What is required: In the copy, include all of the listing exactly and none of its pictures.

Given material:
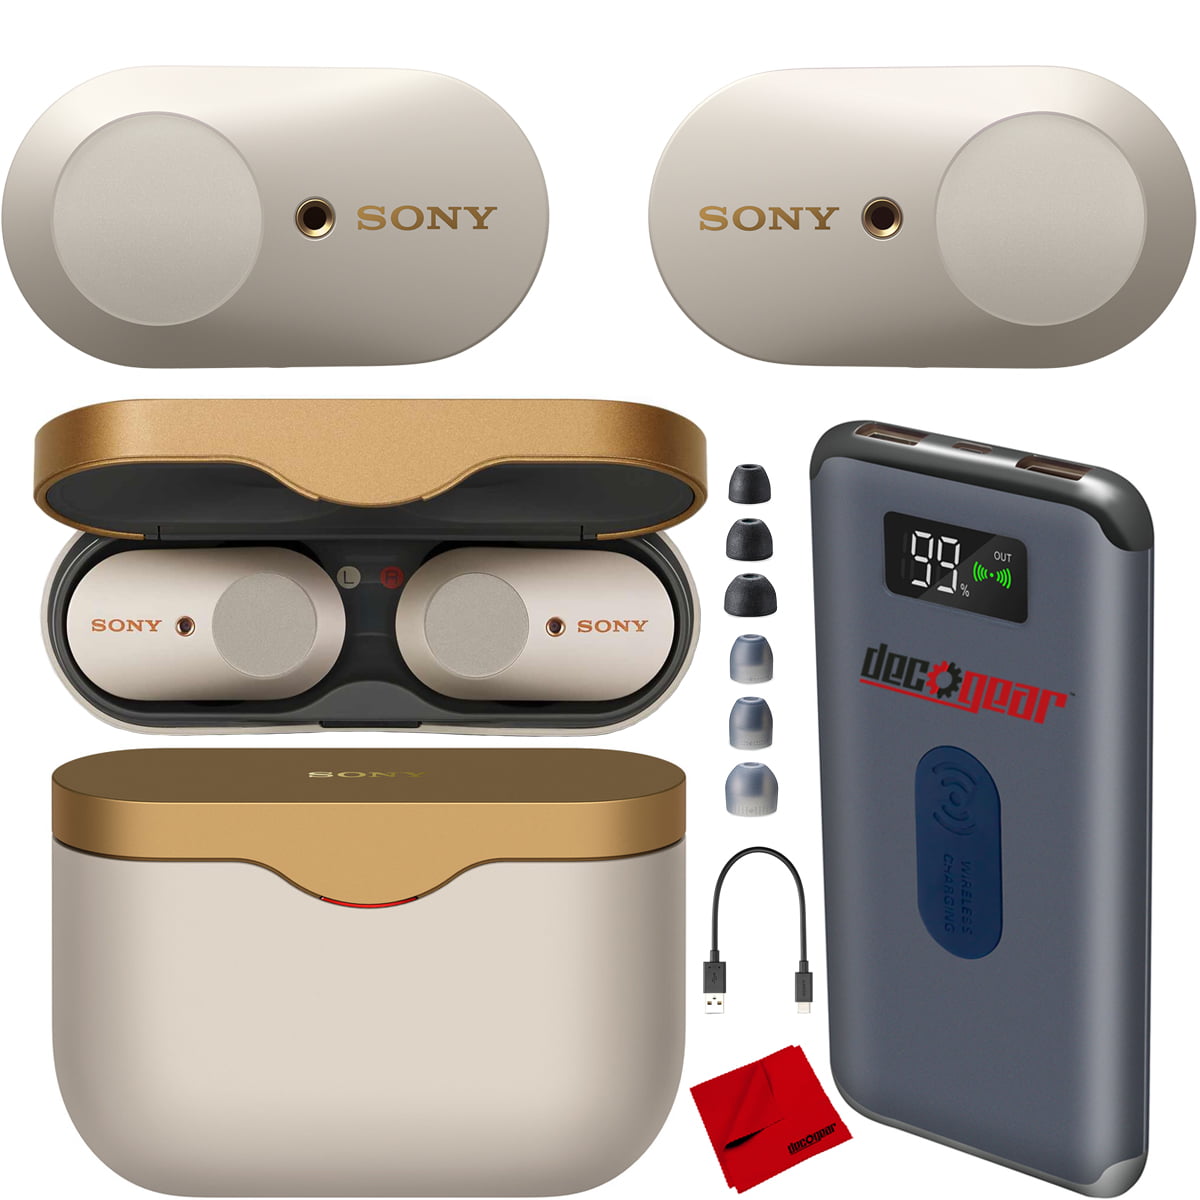 Sony WF-1000XM3 Truly Wireless Earbuds Headphones with Industry-leading  Noise Cancellation - Silver WF-1000XM3/S With Charging Case Bundle  Including Deco Gear Power Bank Charger + Headphone Cloth - Walmart.com
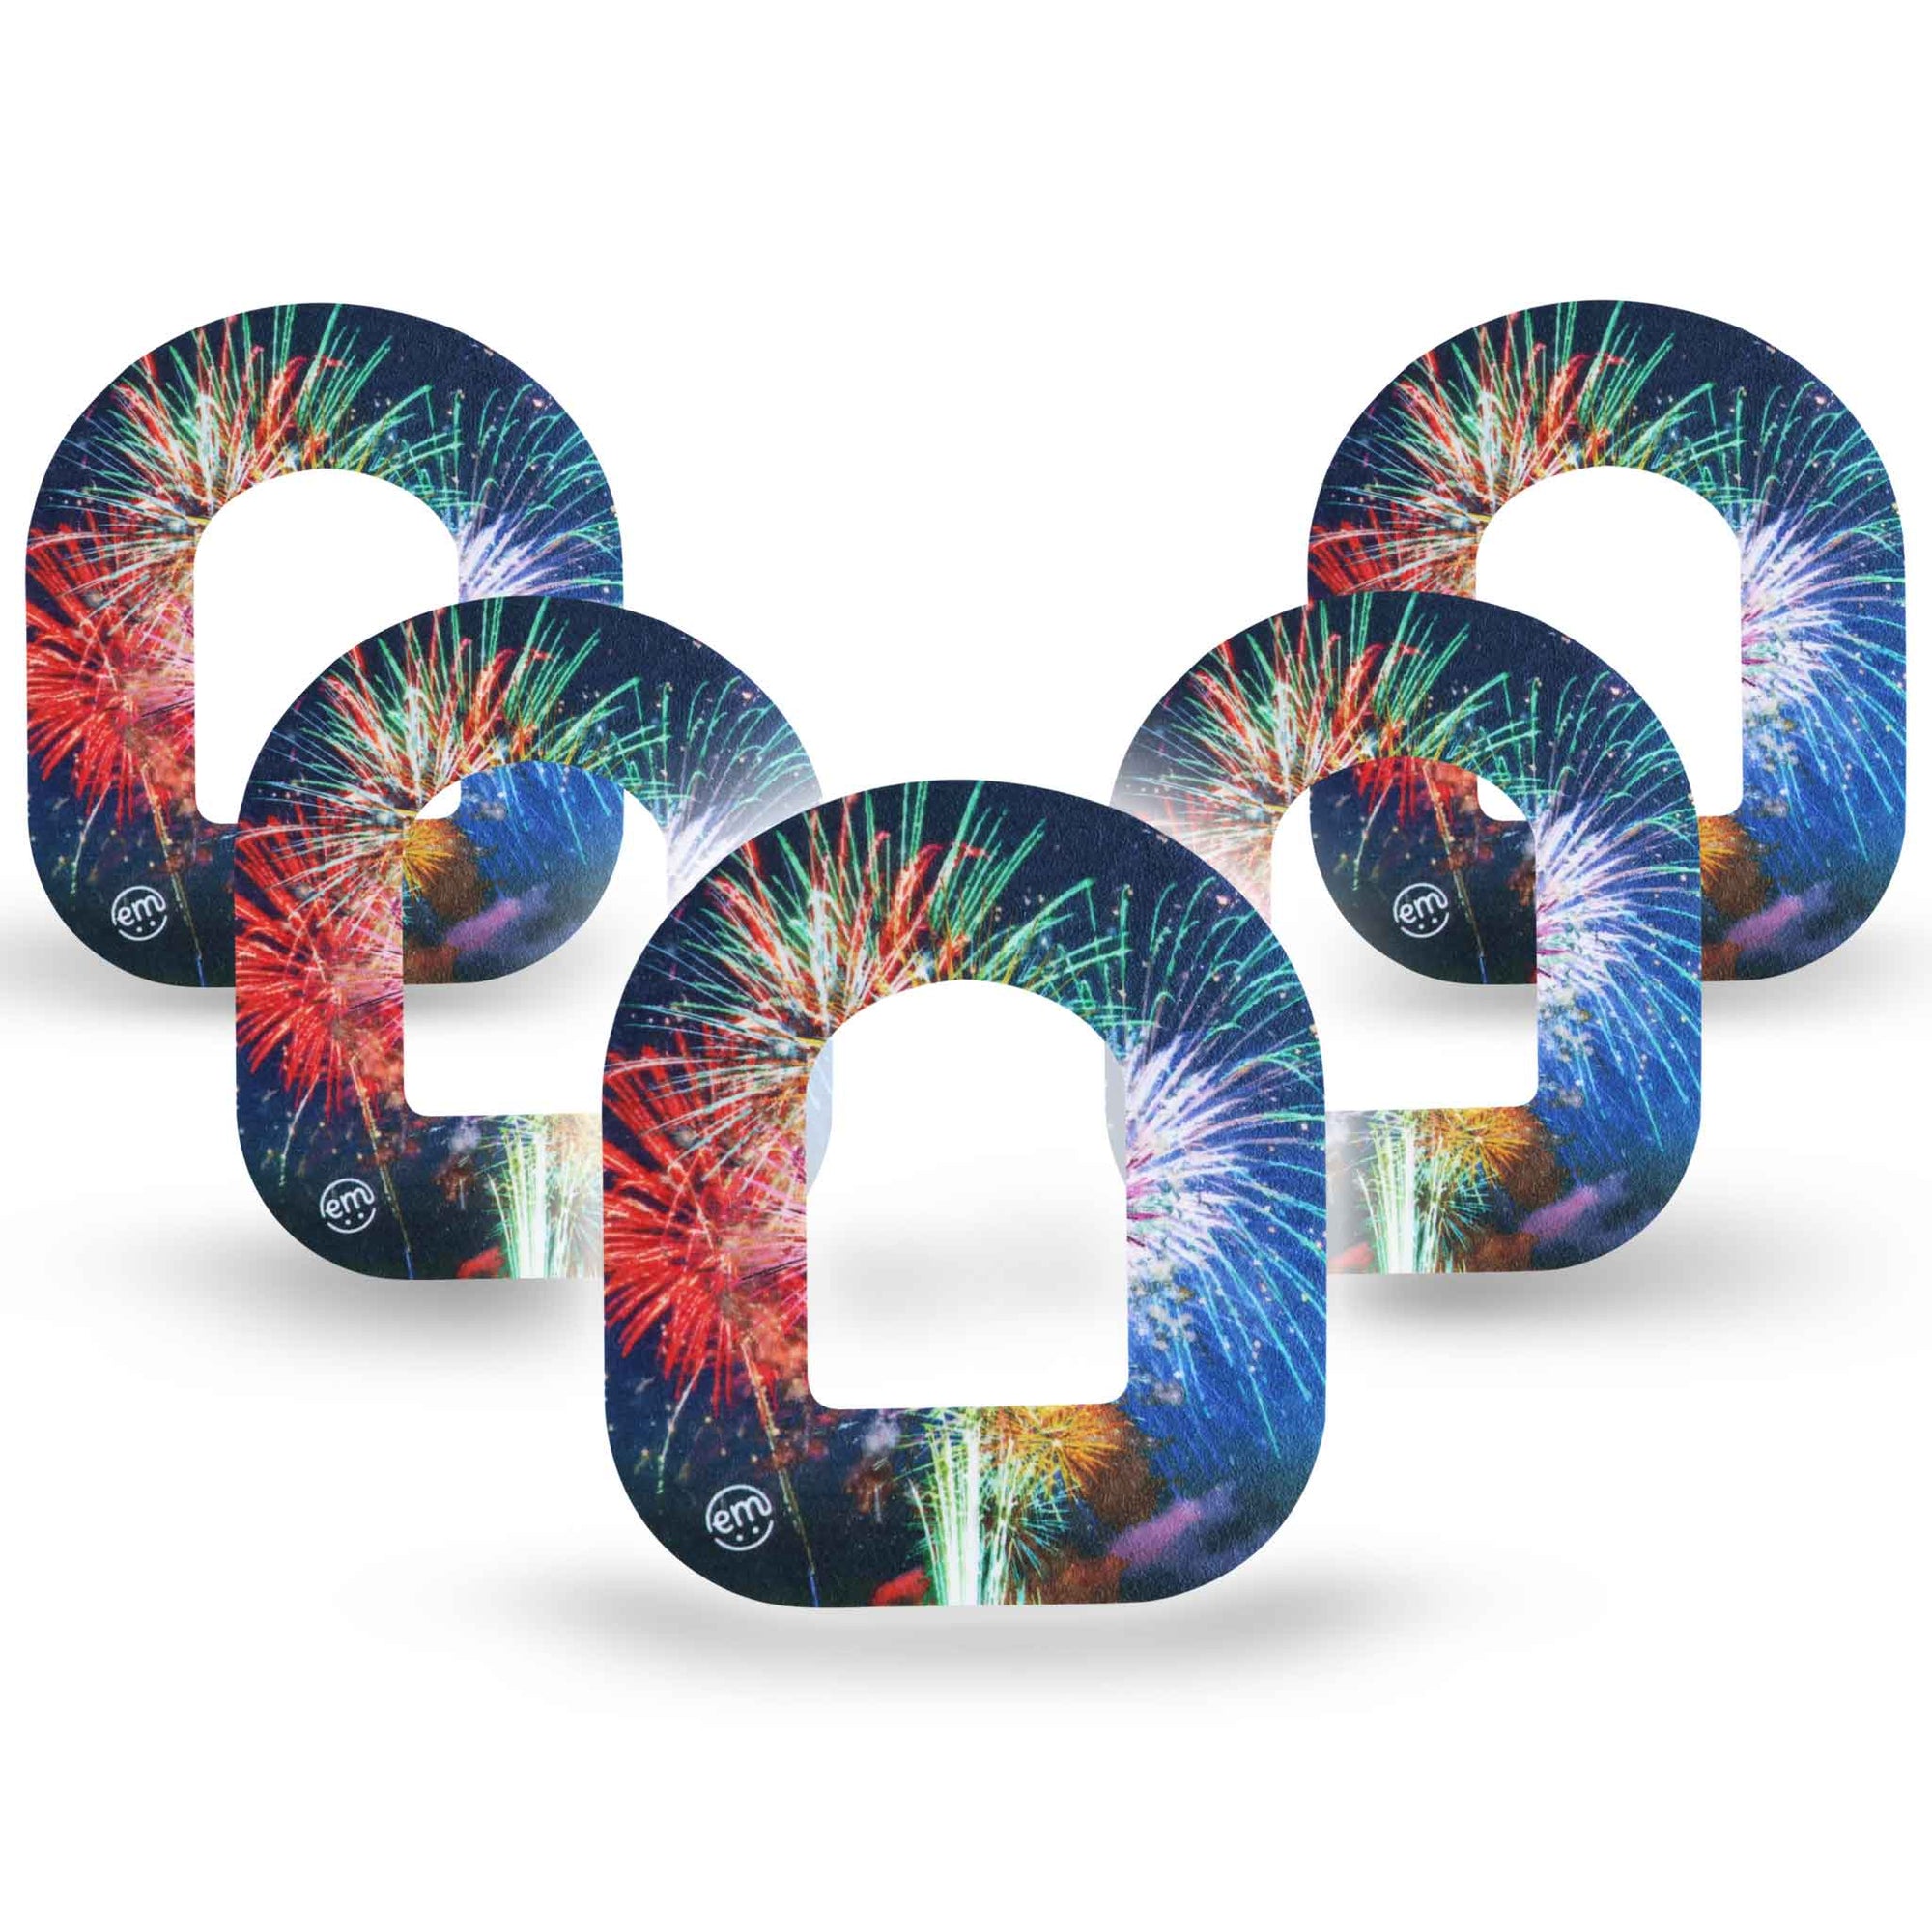 ExpressionMed Fireworks Pod Cover 5-Pack
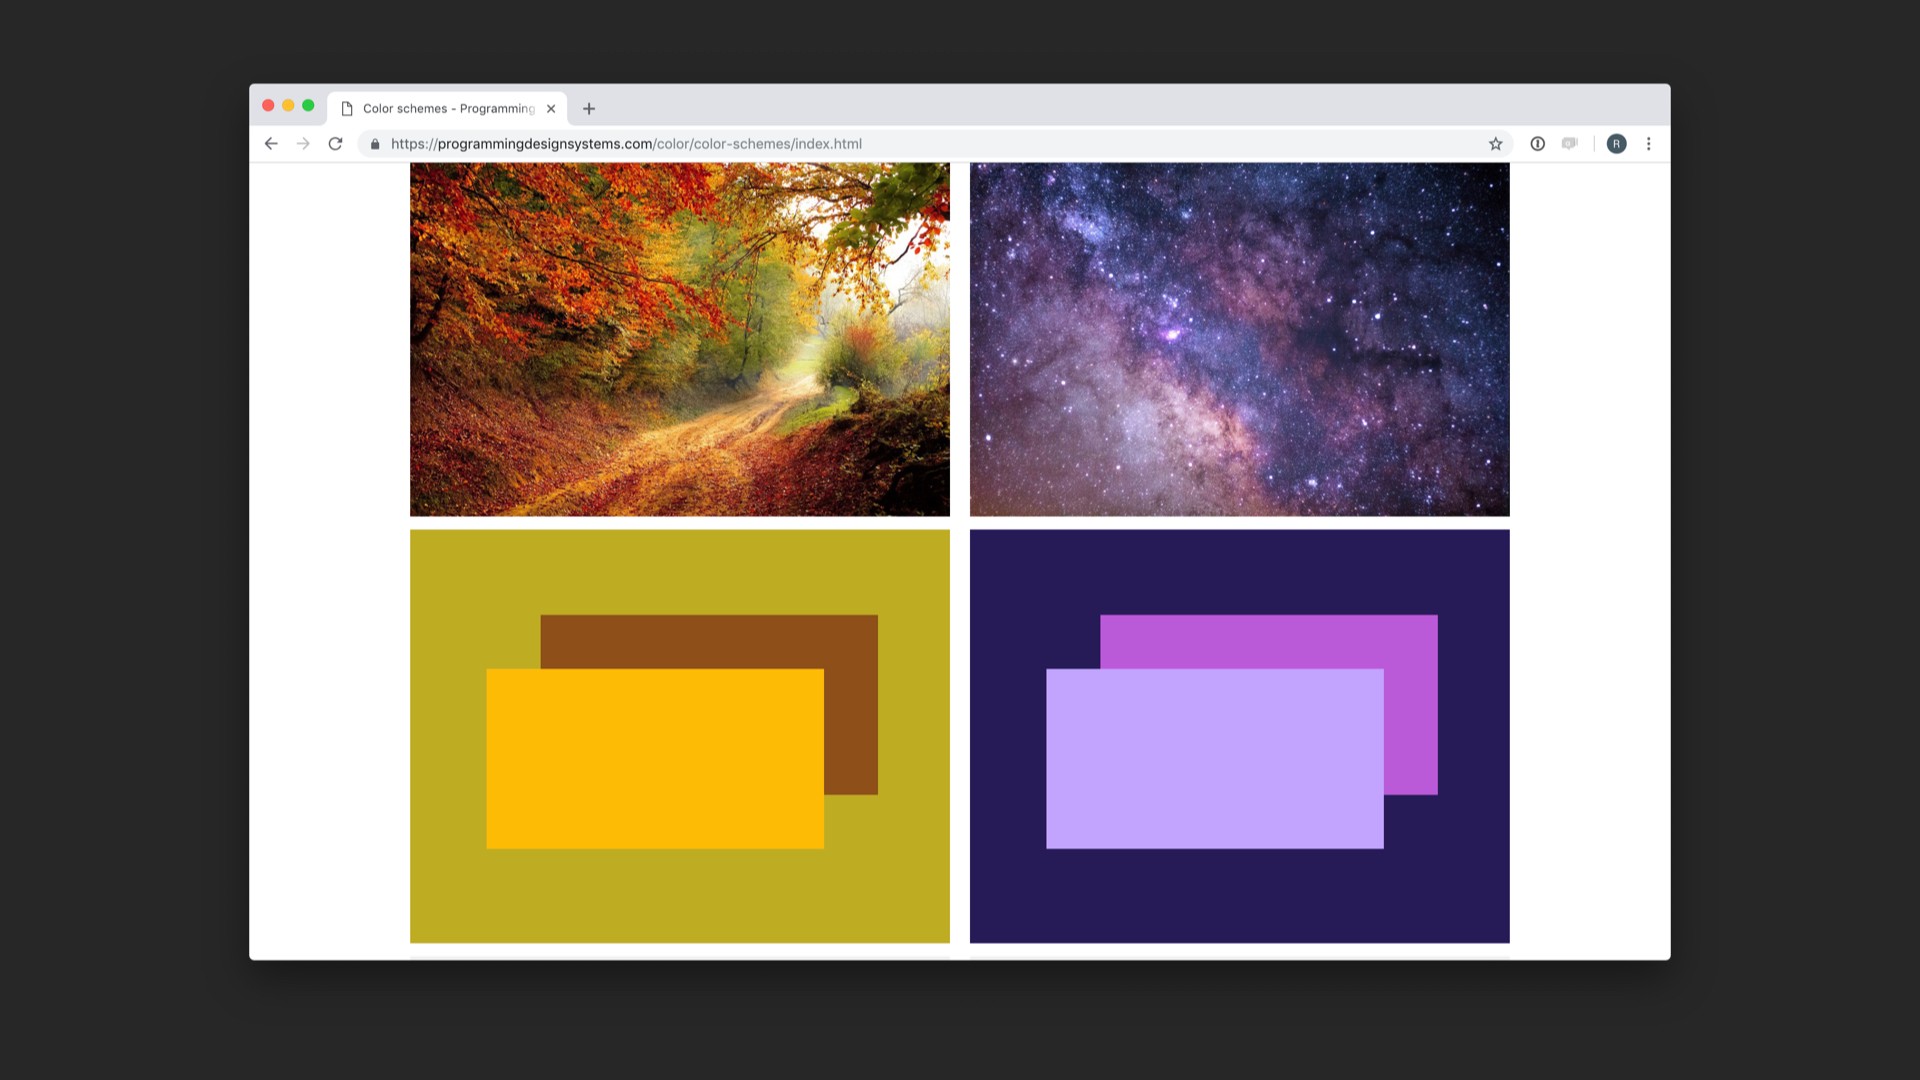 Screenshot of color hue examples in pictures in referenced website.

Task output:
 Sony WF-1000XM3 Truly Wireless Earbuds Headphones with Industry-leading  Noise Cancellation - Silver WF-1000XM3/S With Charging Case Bundle  Including Deco Gear Power Bank Charger + Headphone Cloth - Walmart.com
 ExpressionMed Fireworks Pod Cover 5-Pack
 Screenshot of color hue examples in pictures in referenced website.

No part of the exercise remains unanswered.